Para entender el alcance de la medida, basta con recordar que el proceso mediante el cual se declara la responsabilidad fiscal, se inicia formalmente a partir de la expedición del auto de apertura y que la indagación preliminar, en estricto sentido, no hace parte integral del mismo. Esta última, la indagación preliminar, es entonces una etapa previa a la apertura formal del proceso, la cual se decreta, hasta por un término de seis (6) meses, cuando no existiese certeza sobre la ocurrencia del hecho, la causación del daño patrimonial, la entidad afectada y los presuntos responsables, y que concluye con el archivo de las diligencias o con la apertura del proceso de responsabilidad fiscal. Si se acredita la existencia de un daño patrimonial al Estado, y existen indicios serios sobre los posibles autores del mismo, se procede a ordenar la apertura del proceso de responsabilidad fiscal, dando paso a la etapa de instrucción o investigación, la cual se debe desarrollar en un término de tres (3) meses, prorrogables por dos (2) meses más, vencido el cual se archivará el proceso o se dictará auto de imputación de responsabilidad fiscal.

En ese escenario tiene lugar la aplicación de la medida acusada, que como ya se anotó, dispone la reapertura de la indagación preliminar o de la investigación en el proceso fiscal, precisamente, cuando una y otra etapa concluye con auto de archivo de las respectivas diligencias.
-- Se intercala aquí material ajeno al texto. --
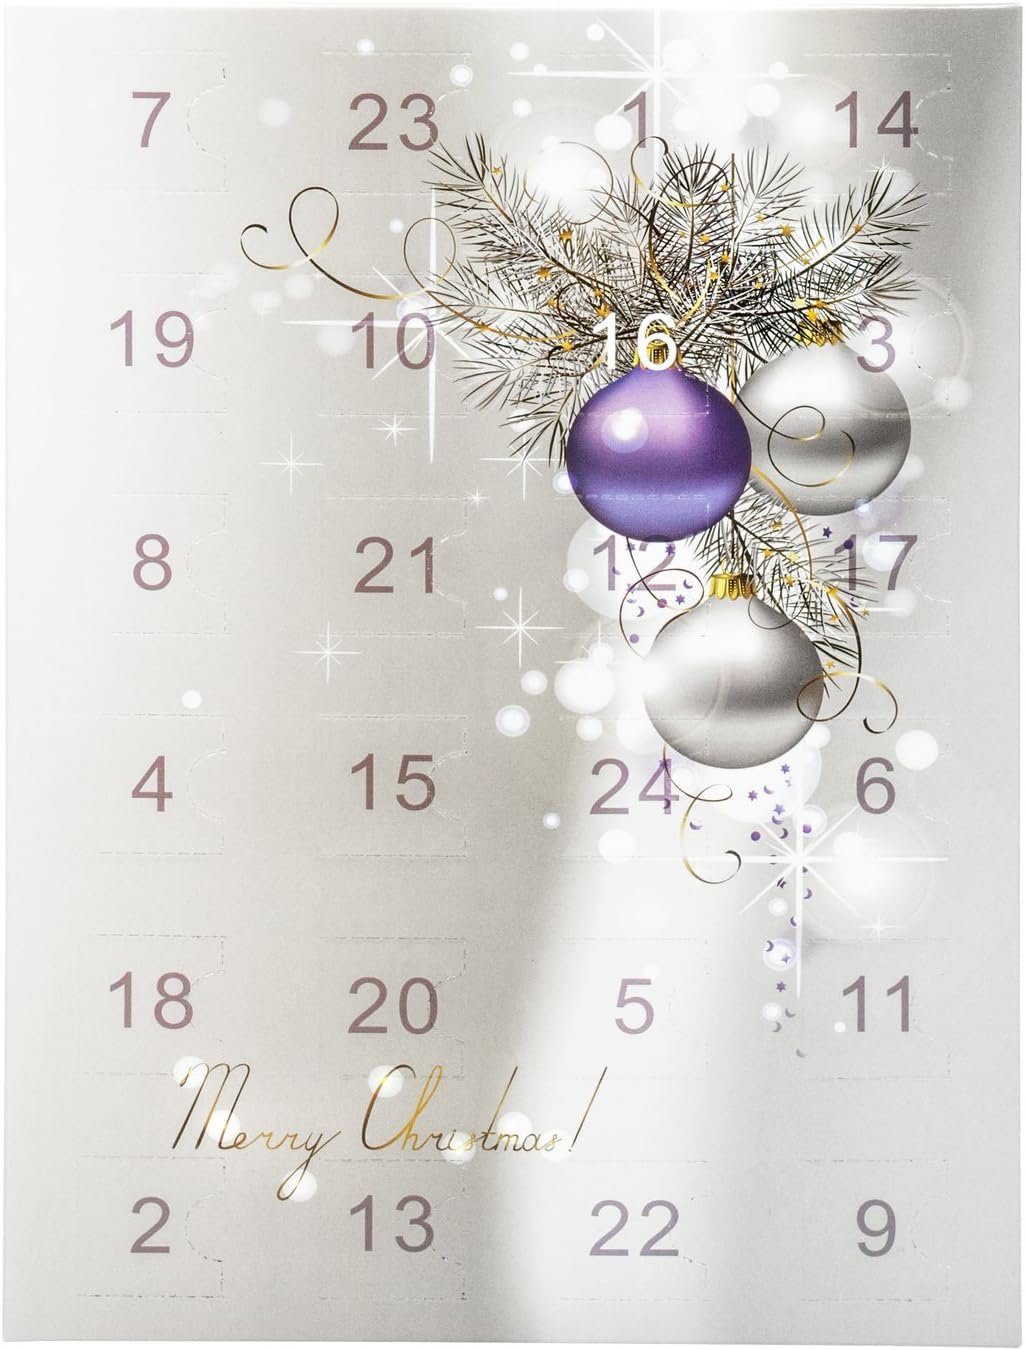 VALIOSA Schmuck-Adventskalender, Merry Christmas' Halskette, Armband Perlen-Anhänger 22 individuelle

El demandante cuestiona la legitimidad de la medida, sobre la base de que promueve la inseguridad jurídica y la indefinición procesal respecto de situaciones individuales sujetas a control fiscal, pues las indagaciones preliminares e investigaciones pueden extenderse casi indefinidamente, más allá de los términos perentorios previstos en la ley para cada una de las diligencias. En este sentido, aduce que la norma desconoce el carácter definitivo de las decisiones fiscales, concretamente, de aquellas que ordenan el archivo del expediente.

En punto a la presente controversia, recuerda la Corte, como cuestión inicial, que la Constitución Política delegó en el legislador la atribución para regular los procedimientos, reglas y sistemas aplicables al ejercicio de la función de control fiscal en Colombia (C.P., art. 267). Por lo tanto, la definición del trámite que debe seguirse para establecer la responsabilidad fiscal, incluyendo las medidas relacionadas con la firmeza de las decisiones, le corresponde directamente a la ley, dentro de un marco amplio de libertad de configuración normativa.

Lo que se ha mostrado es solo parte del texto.